WHAT TO WORK ON: Repeat the listing word for word, but skip any pictures.

DATASET CONTENT:
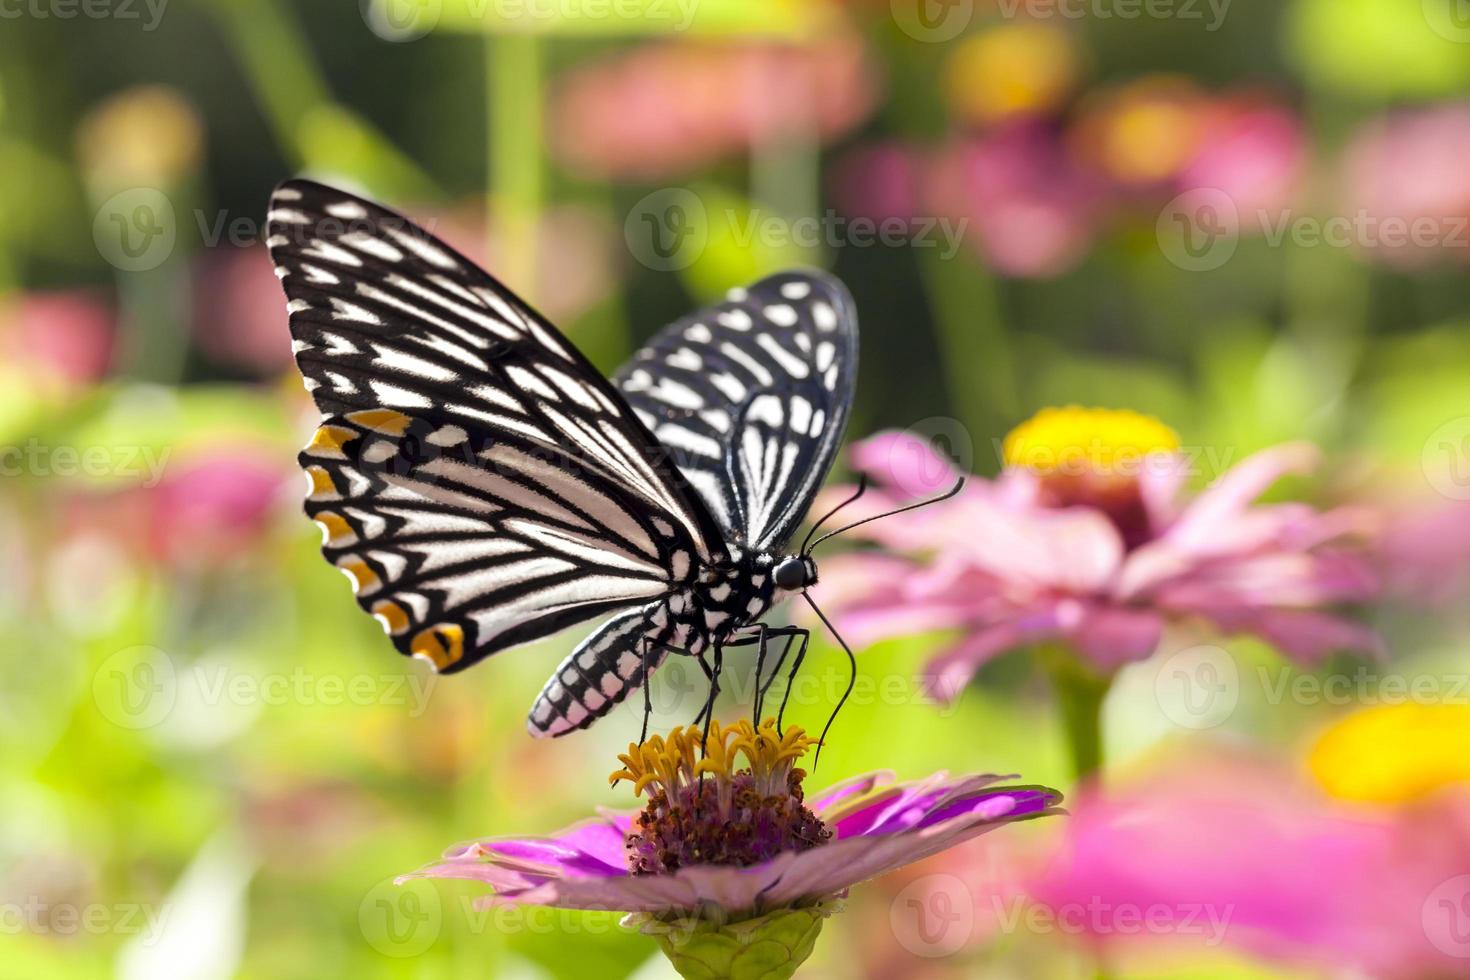 borboleta em flor foto
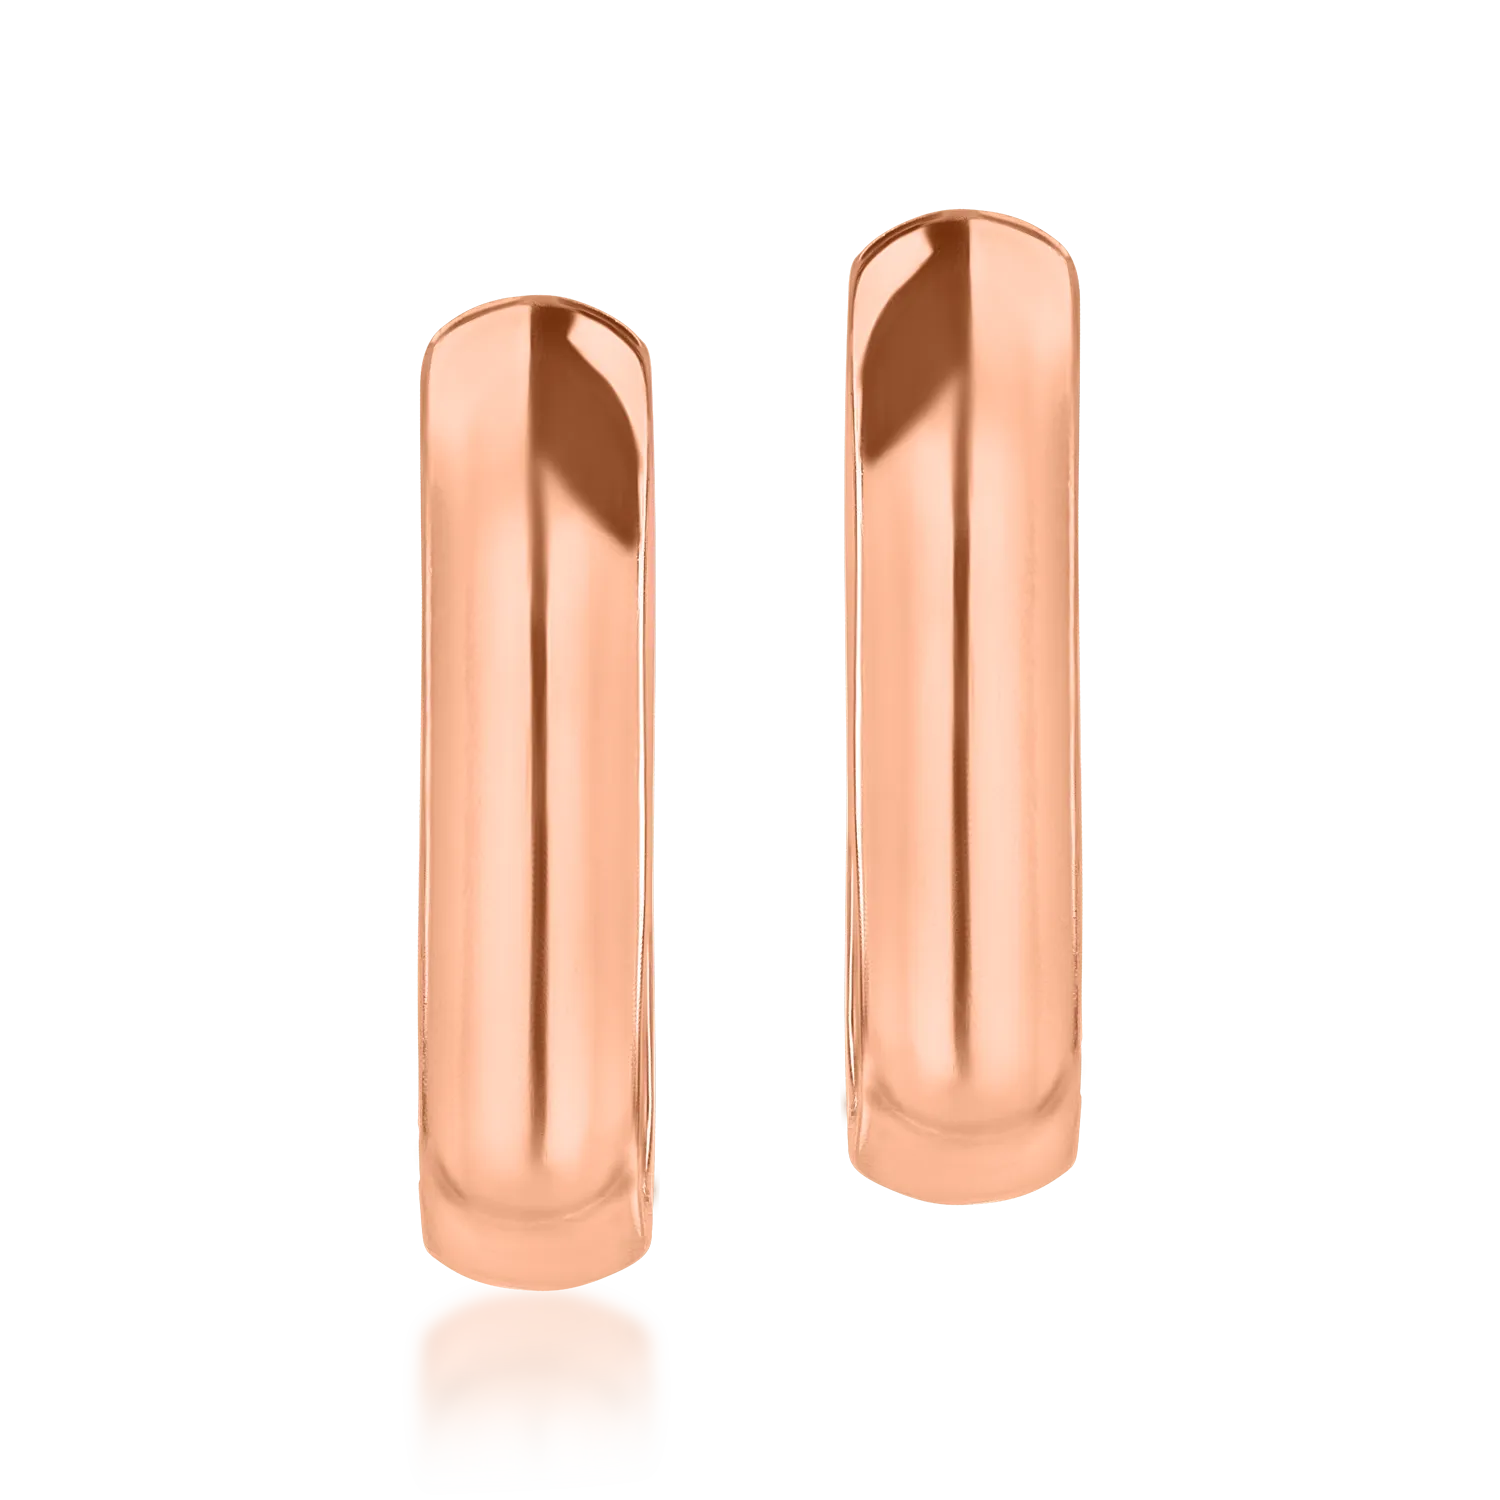 Rose gold oval earrings
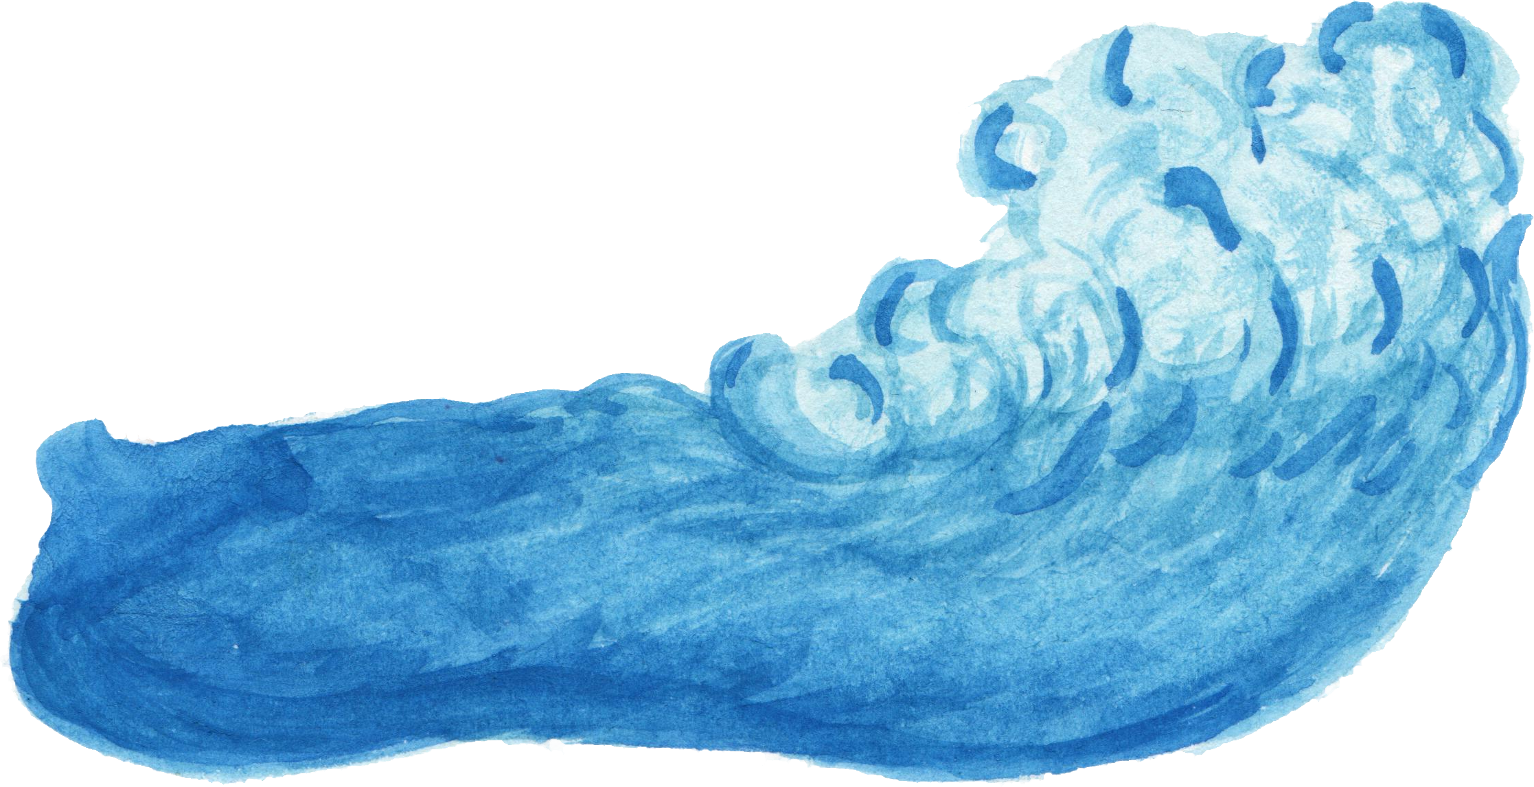 Ocean clipart watercolor, Ocean watercolor Transparent FREE for
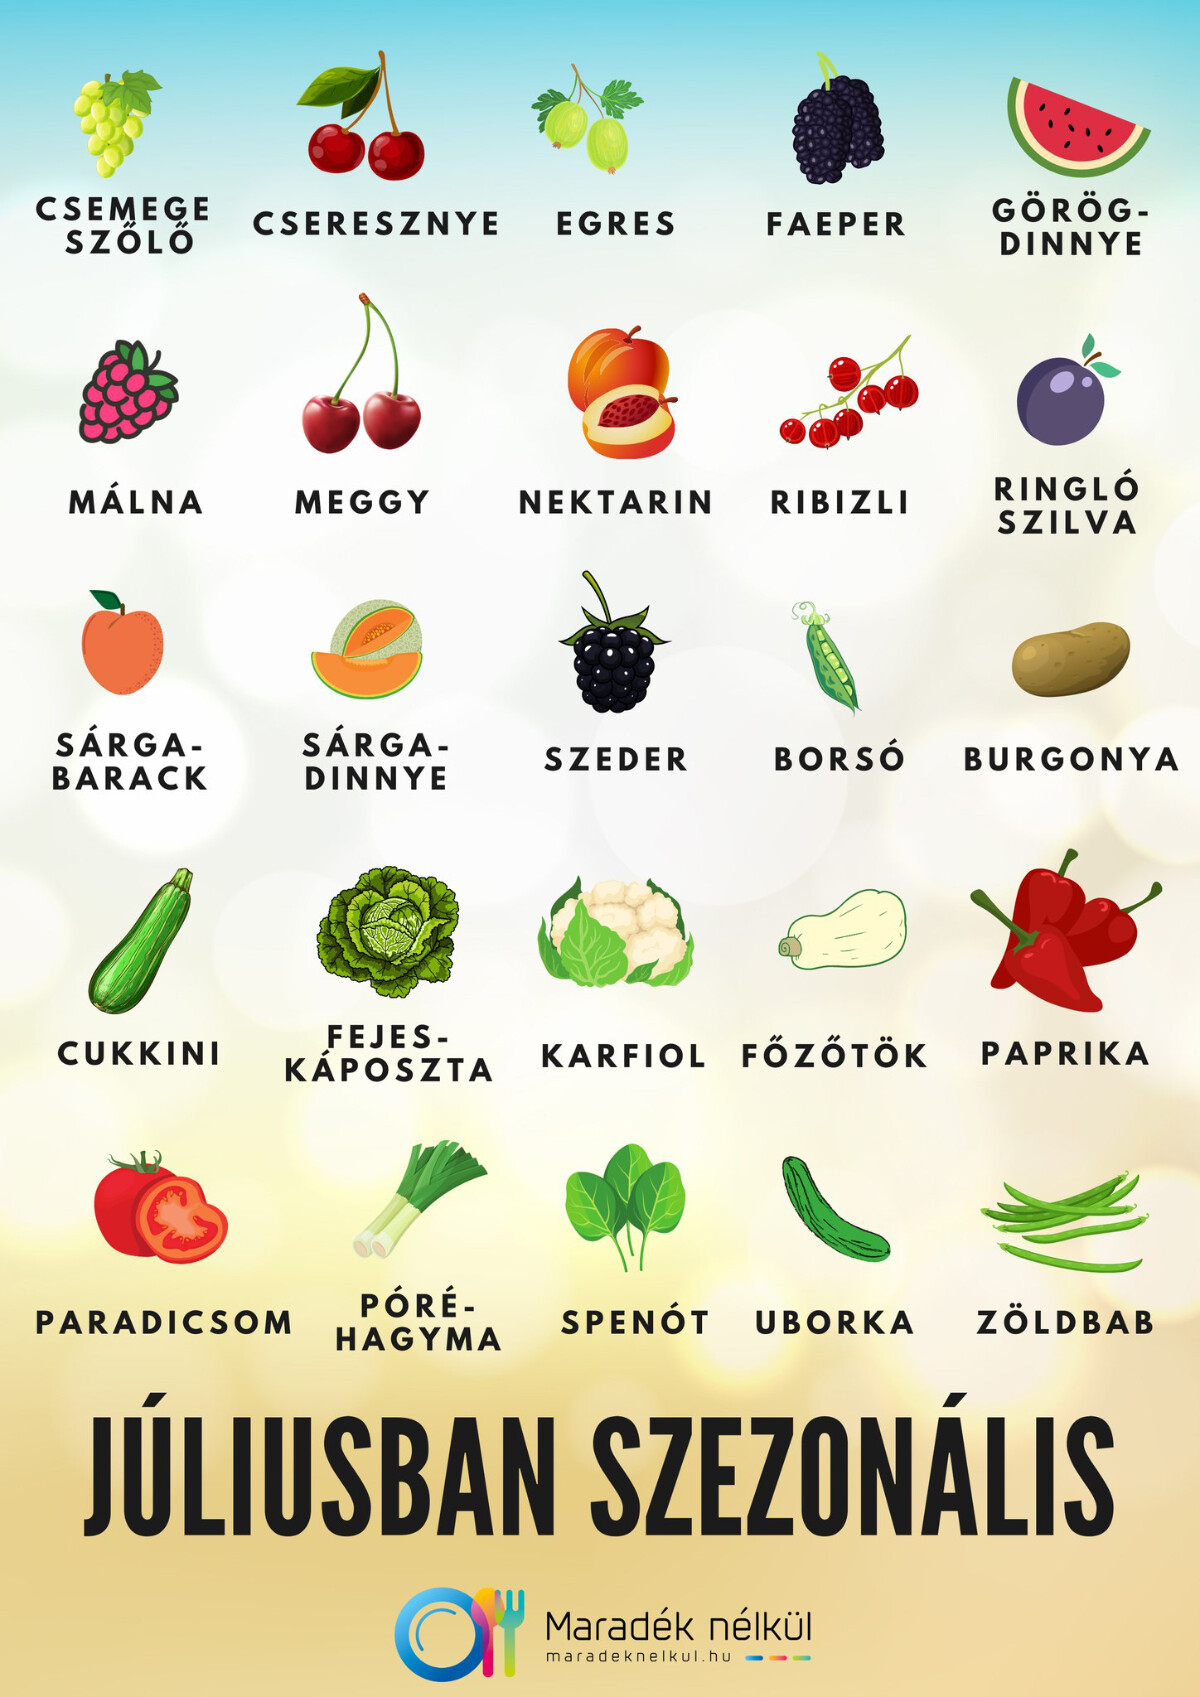 júliusban szezonális gyümölcs és zöldség

RESPONSE TO THE EXERCISE:
 borboleta em flor foto
 Rose gold oval earrings
 Ocean clipart watercolor, Ocean watercolor Transparent FREE for
 júliusban szezonális gyümölcs és zöldség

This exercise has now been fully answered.